The multibillion dollar question in the Australia and New Zealand (ANZ) ICT industry is what path CIOs and IT decision makers will take to tackle the consumerisation of IT, says research firm IDC. As many are struggling to manage the proliferation of consumer devices invading the enterprise workspace, the implementation of bring-your-own-device (BYOD) policies is being viewed as one answer.
In a recent report, Analysing the Bring-Your-Own-Device Trends in Australia and New Zealand, IDC says more CIOs and IT decision makers are feeling the pressure to transform and conform to the top-down push by executives and bottom up demand from the general employees to support consumer technologies such as media tablets and smartphones.
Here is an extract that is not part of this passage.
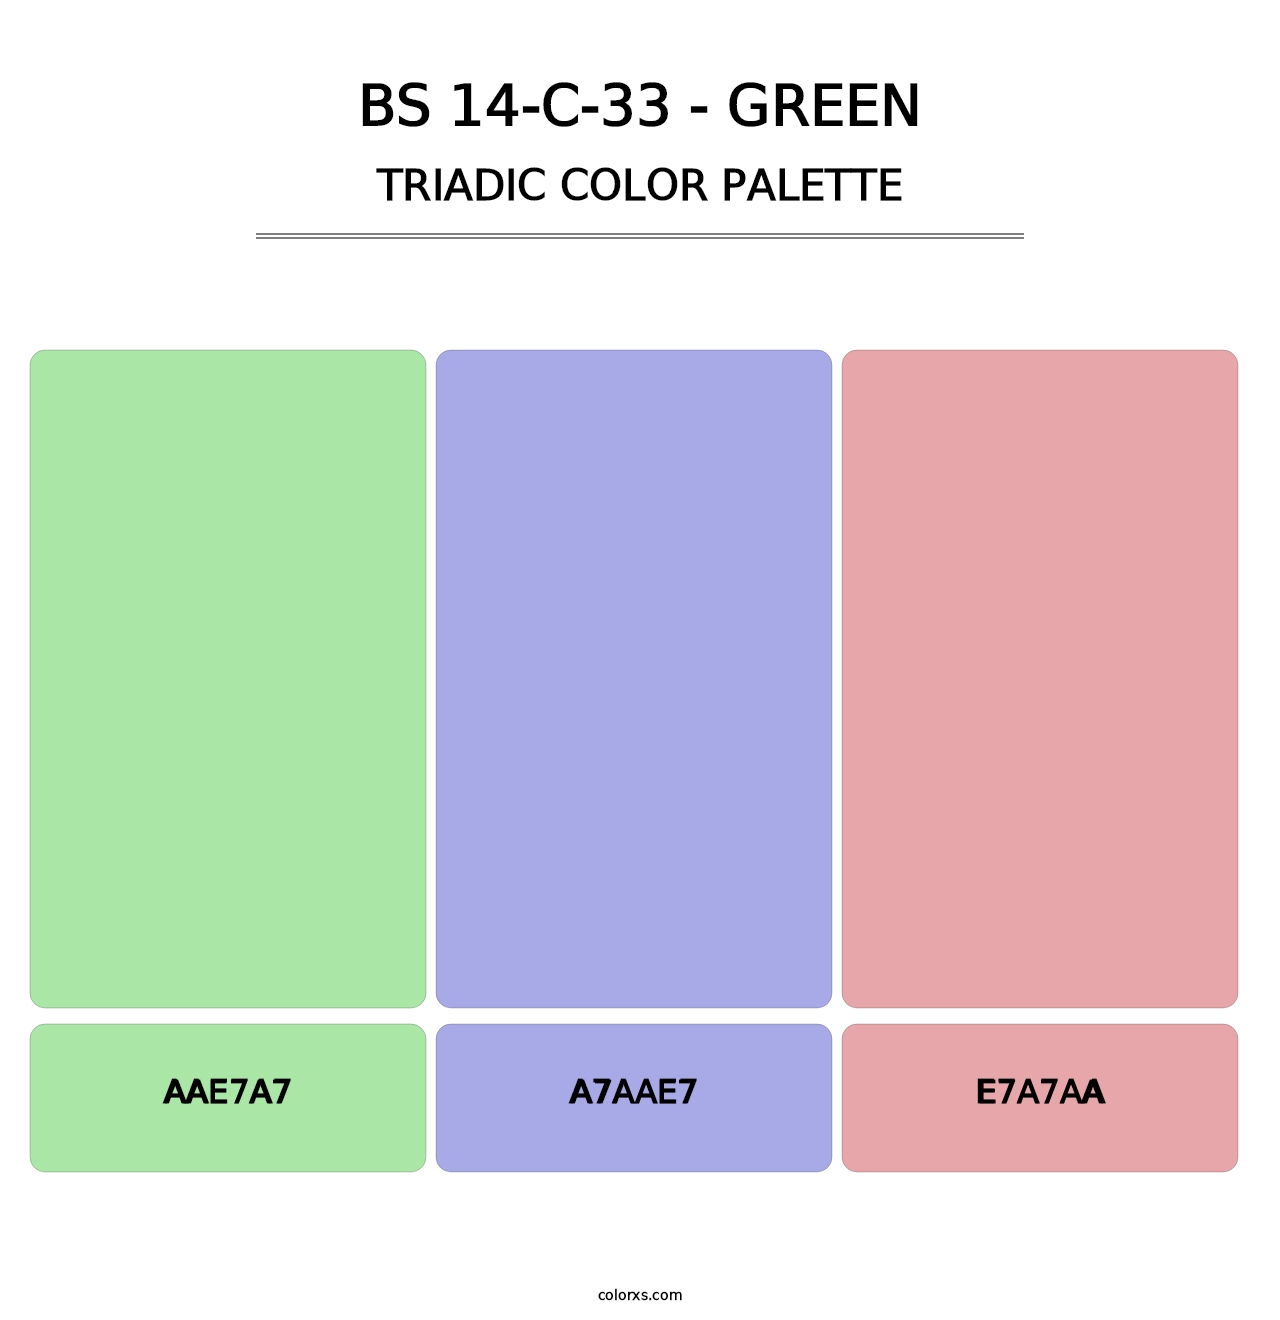 BS 14-C-33 - Green - Triadic Color Palette

"Widely publicised and high-profile BYOD case studies are further adding to the peer pressure, “ says Amy Cheah, market analyst, Infrastructure, IDC ANZ.
Cheah says one in every two organisations are intending to deploy official BYOD policies, be it pilots, or partial- to organisational-wide rollouts, in the next 18 months. "However, there is a disconnect between the assumptions and expectations held by CIOs and IT decision makers — and commonly by supply-side organisations — and the majority of employees when it comes to consumer technologies, device usage, and responsibility.”
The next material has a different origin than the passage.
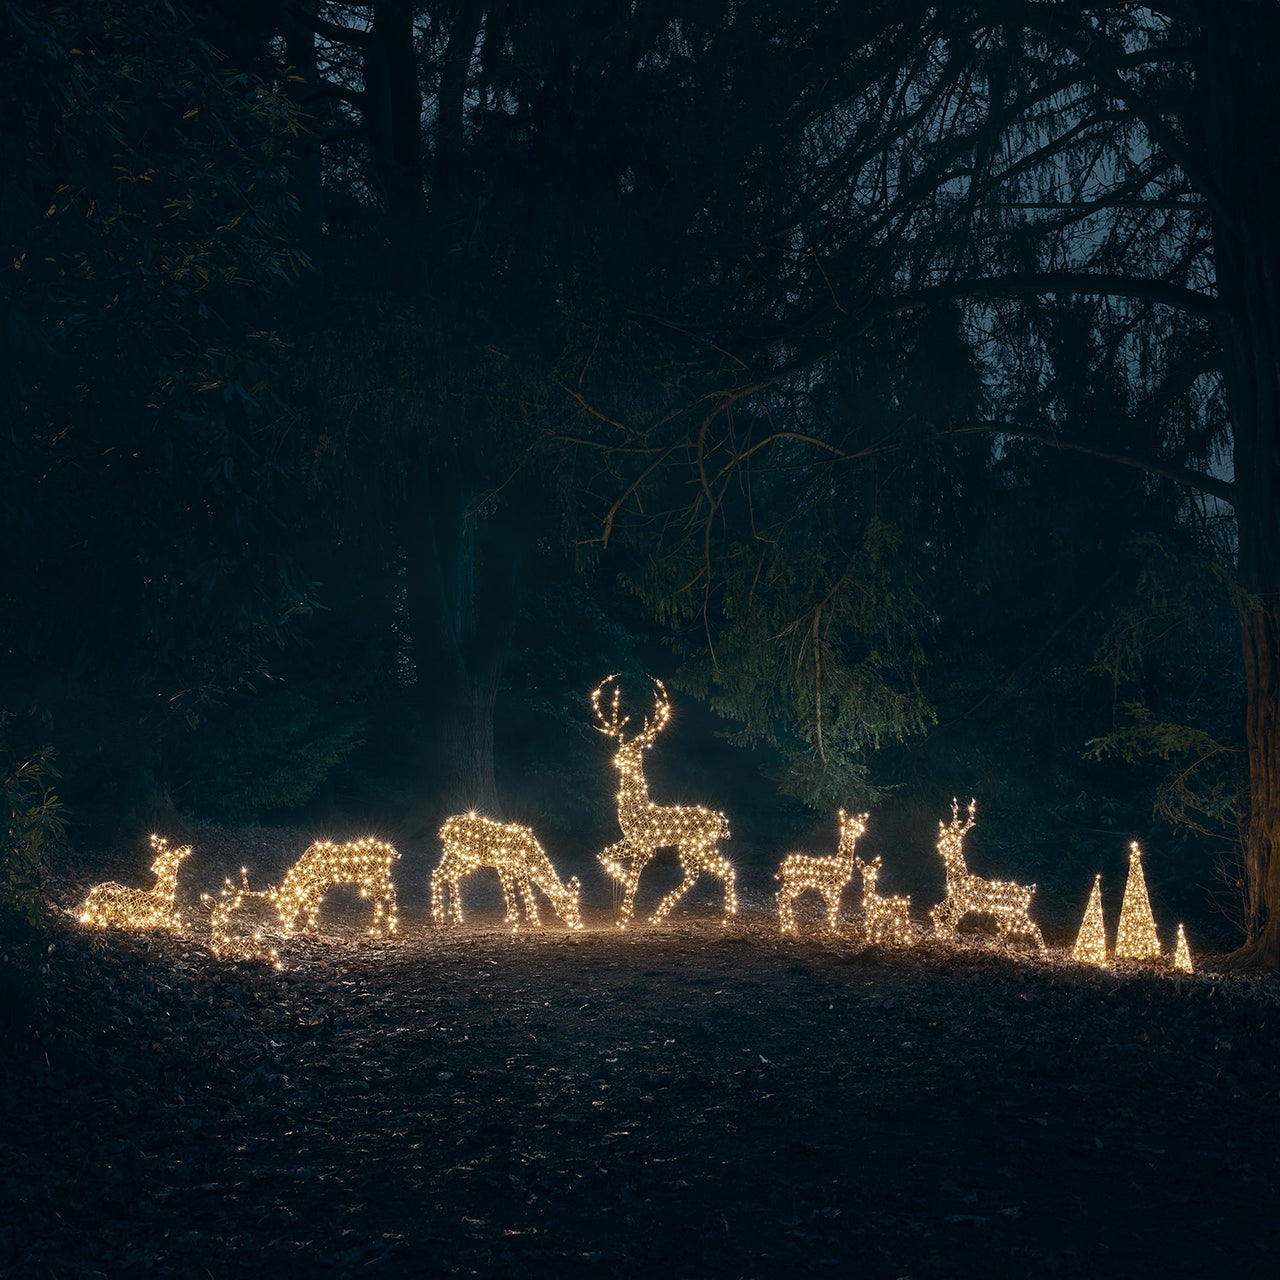 Studley Rattan Resting Light Up Reindeer Family 24v

She says IDC's Next Generation Workspace Ecosystem research has found only two out of 10 employees want to use their own device for work and for personal use, which means majority still prefer corporate issued devices.
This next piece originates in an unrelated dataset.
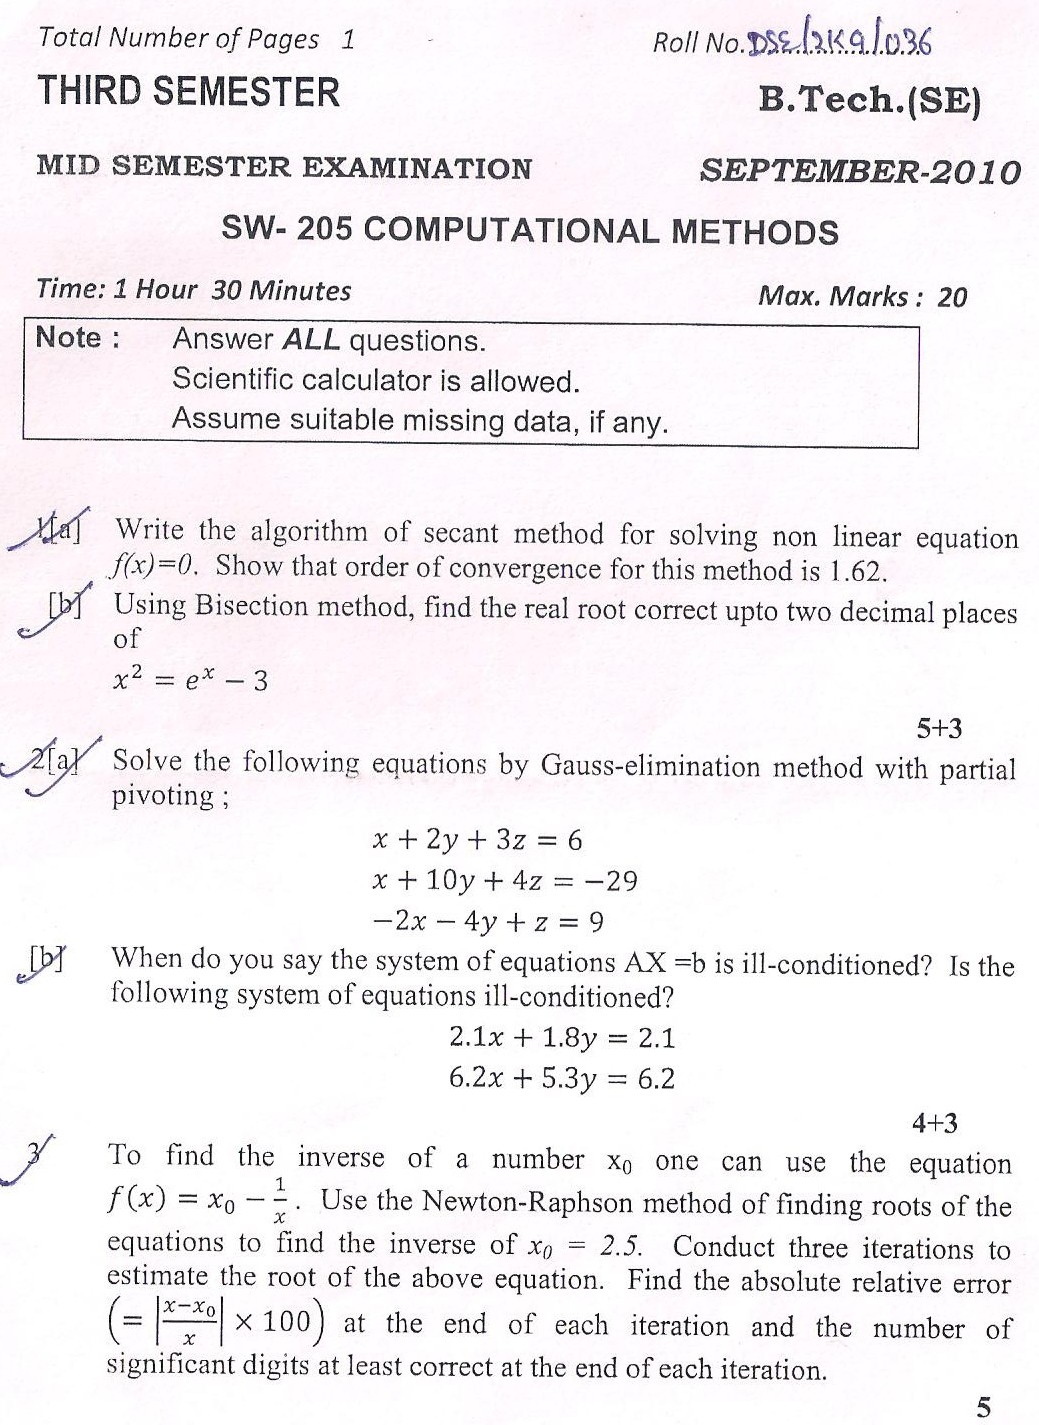 DTU Question Papers 2010  3 Semester - Mid Sem - SW-205

For CIOs and IT decision makers intending to deploy BYOD strategies, the result will likely be a broader range of devices and operating systems (OS) connecting to the corporate network at a more frequent rate, considering the shorter life cycle of many consumer devices. This will be complemented by more frequent upgrades of OSs and the need to ensure that application performance as these upgrades occur.
"Whilst many expect BYOD to help reduce costs, these shorter life cycles will need to be managed carefully in order to mitigate any blowouts in support, application modernisation, and lost employee productivity," notes Cheah.
At the same time, she underscores the importance of implementing BYOD strategies that fully supported by the majority of employees. The report finds device policies that are flexible and accommodating of all users’ preferences are more likely to succeed.
“Choice" will be a defining characteristic of successful device policies in the future, says Cheah.